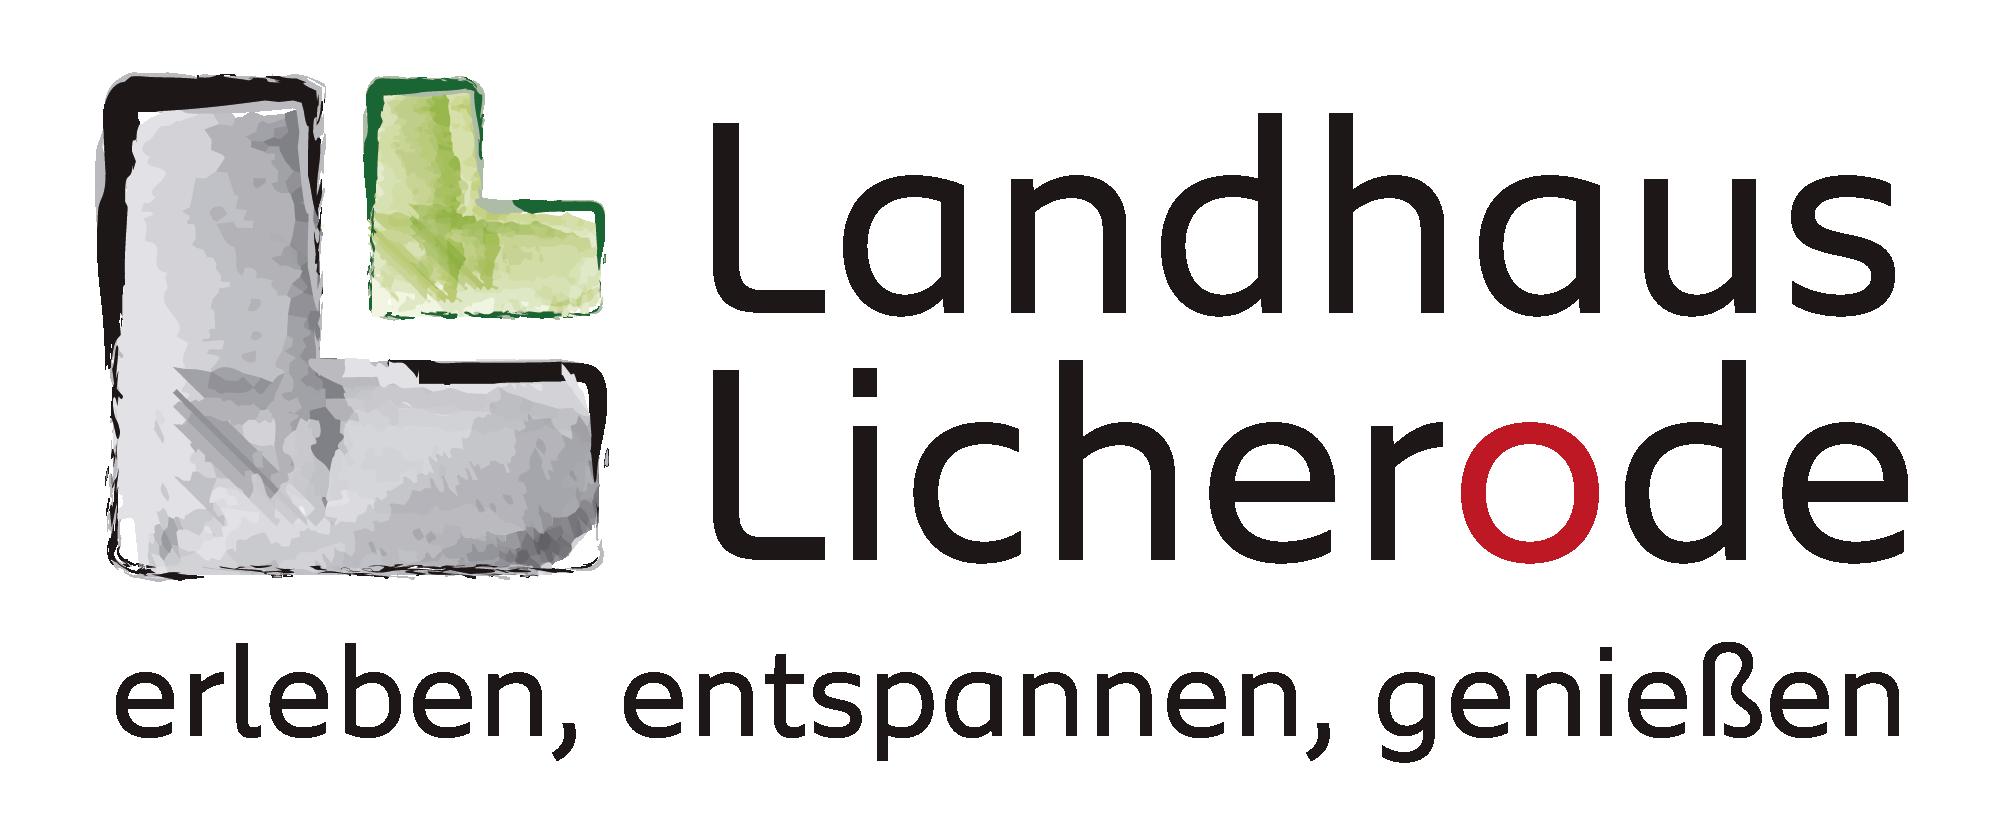 Landhaus Licherode
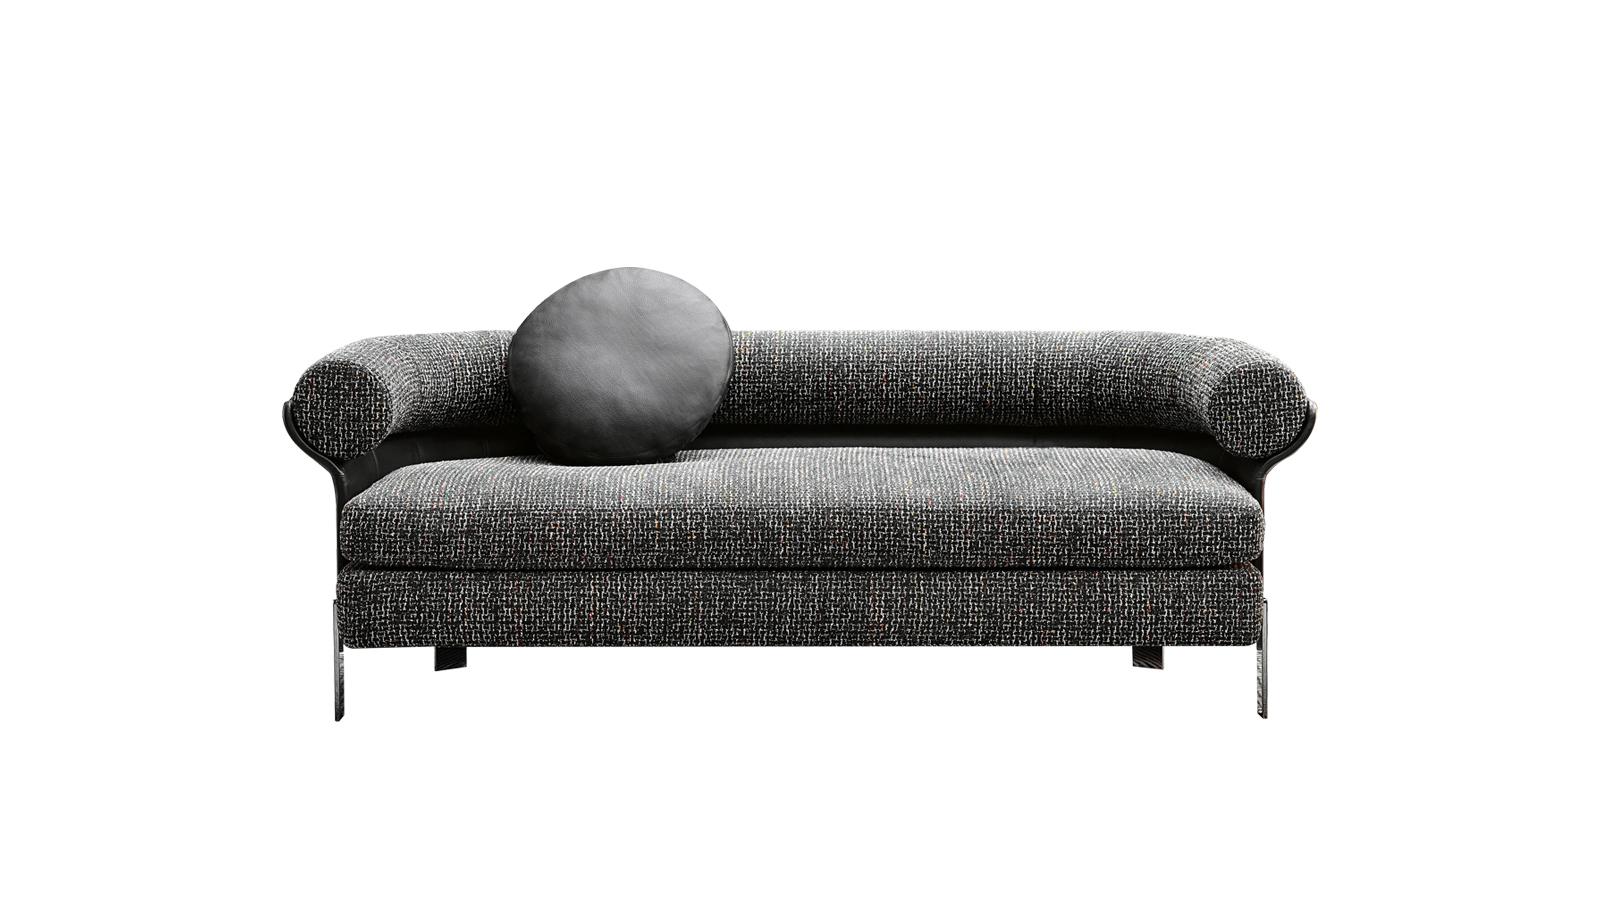 A Mattia bútorkollekciót a kreativitás szülte. Designja a hetvenes évekre nyúlik vissza, miközben ízig-vérig mai, olaszosan kifinomult. A finoman formázott váz körbeöleli az ülést, majd lazán kinyílik, hogy befogadja a hengeres háttámlát. A bútorcsalád háromüléses kanapé, karosszék és forgó karosszék verziót is tartalmaz.
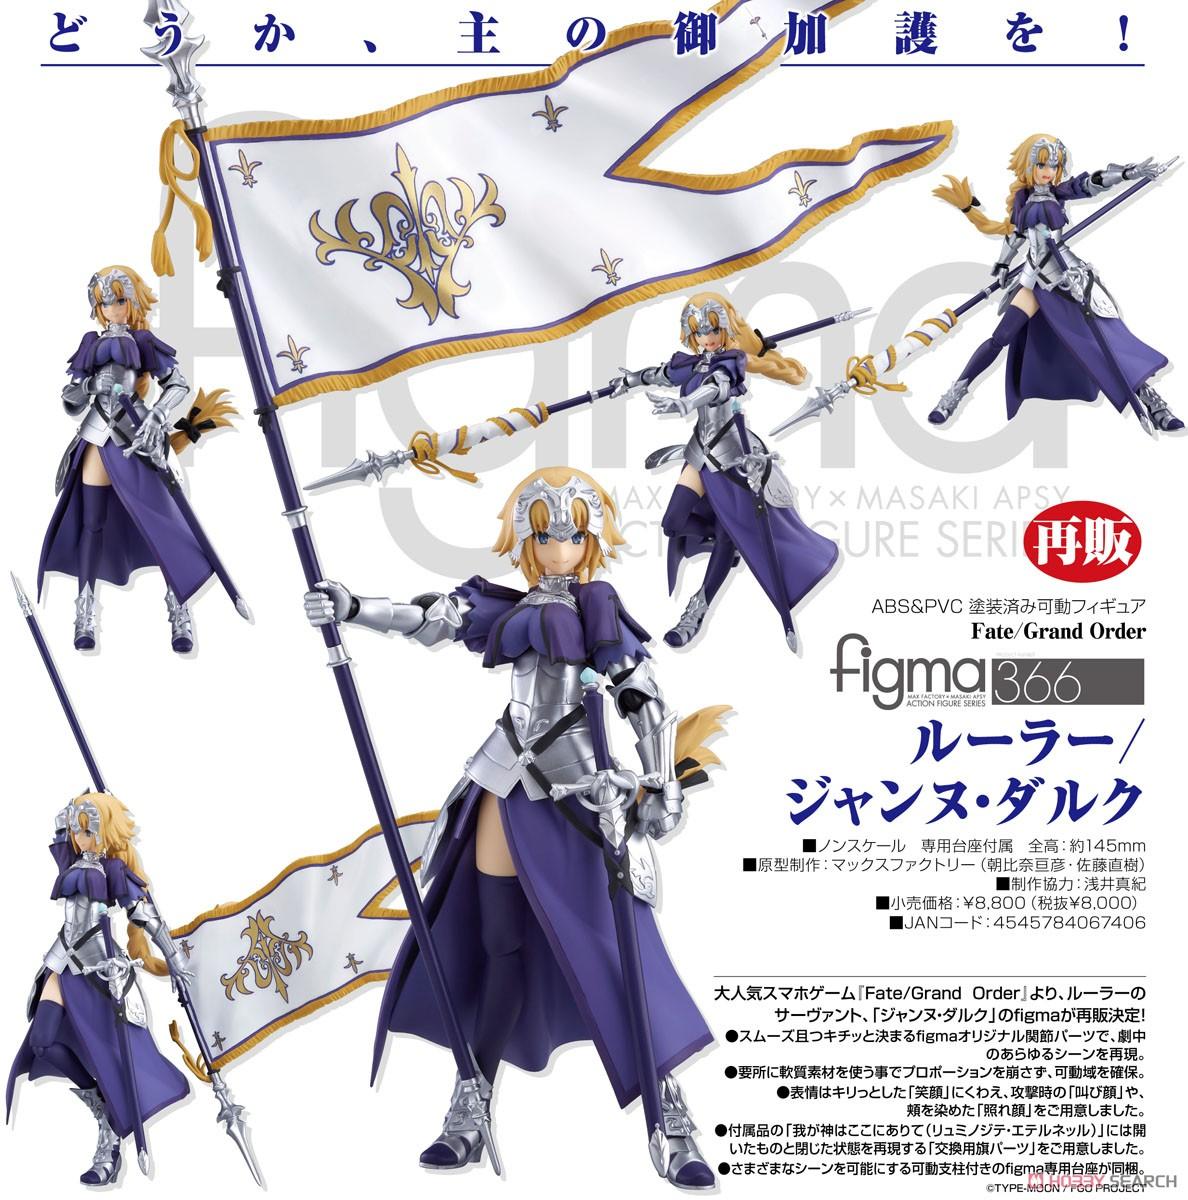 【再販】figma『ルーラー/ジャンヌ・ダルク』Fate/Grand Order 可動フィギュア-006
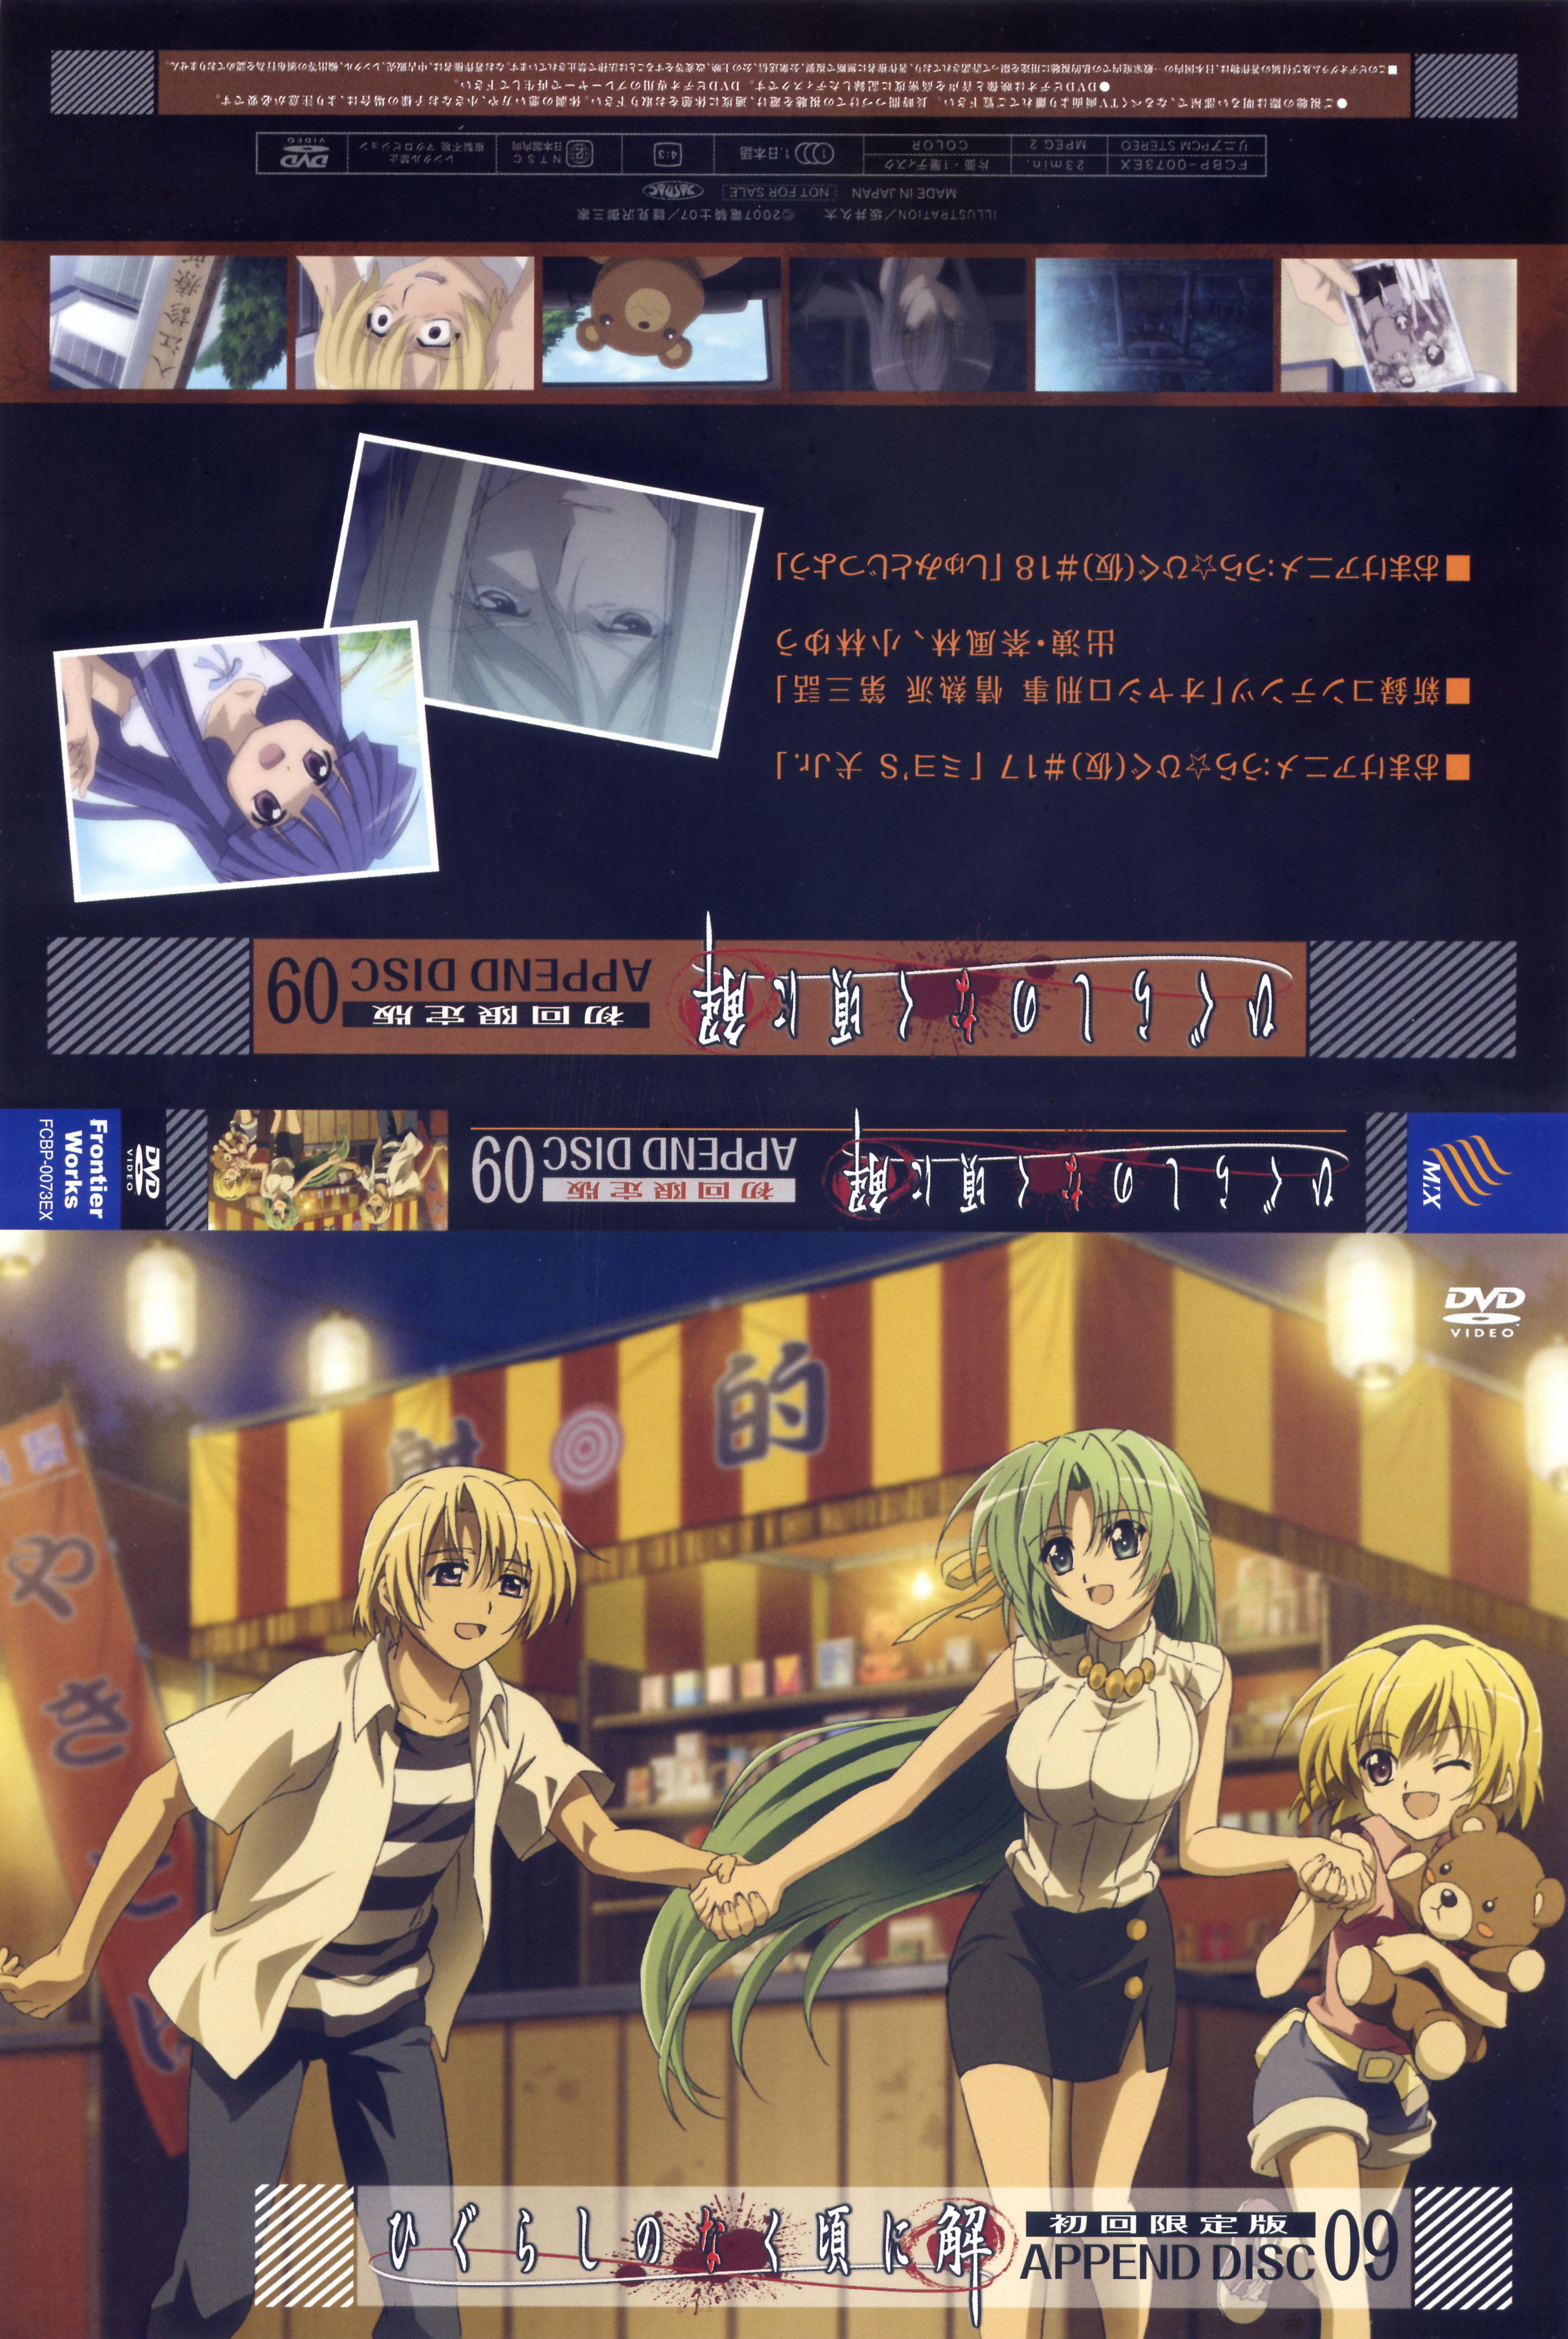 Higurashi No Naku Koro Ni When They Cry Image 2359033 Zerochan Anime Image Board
+--
- [What is expected]: When copying the listing above, begin at its first line and stop after the line with "A Mattia bútorkollekciót", keeping each line exact and dropping the pictures.

- [Answer area]:
 Landhaus Licherode
 A Mattia bútorkollekciót a kreativitás szülte. Designja a hetvenes évekre nyúlik vissza, miközben ízig-vérig mai, olaszosan kifinomult. A finoman formázott váz körbeöleli az ülést, majd lazán kinyílik, hogy befogadja a hengeres háttámlát. A bútorcsalád háromüléses kanapé, karosszék és forgó karosszék verziót is tartalmaz.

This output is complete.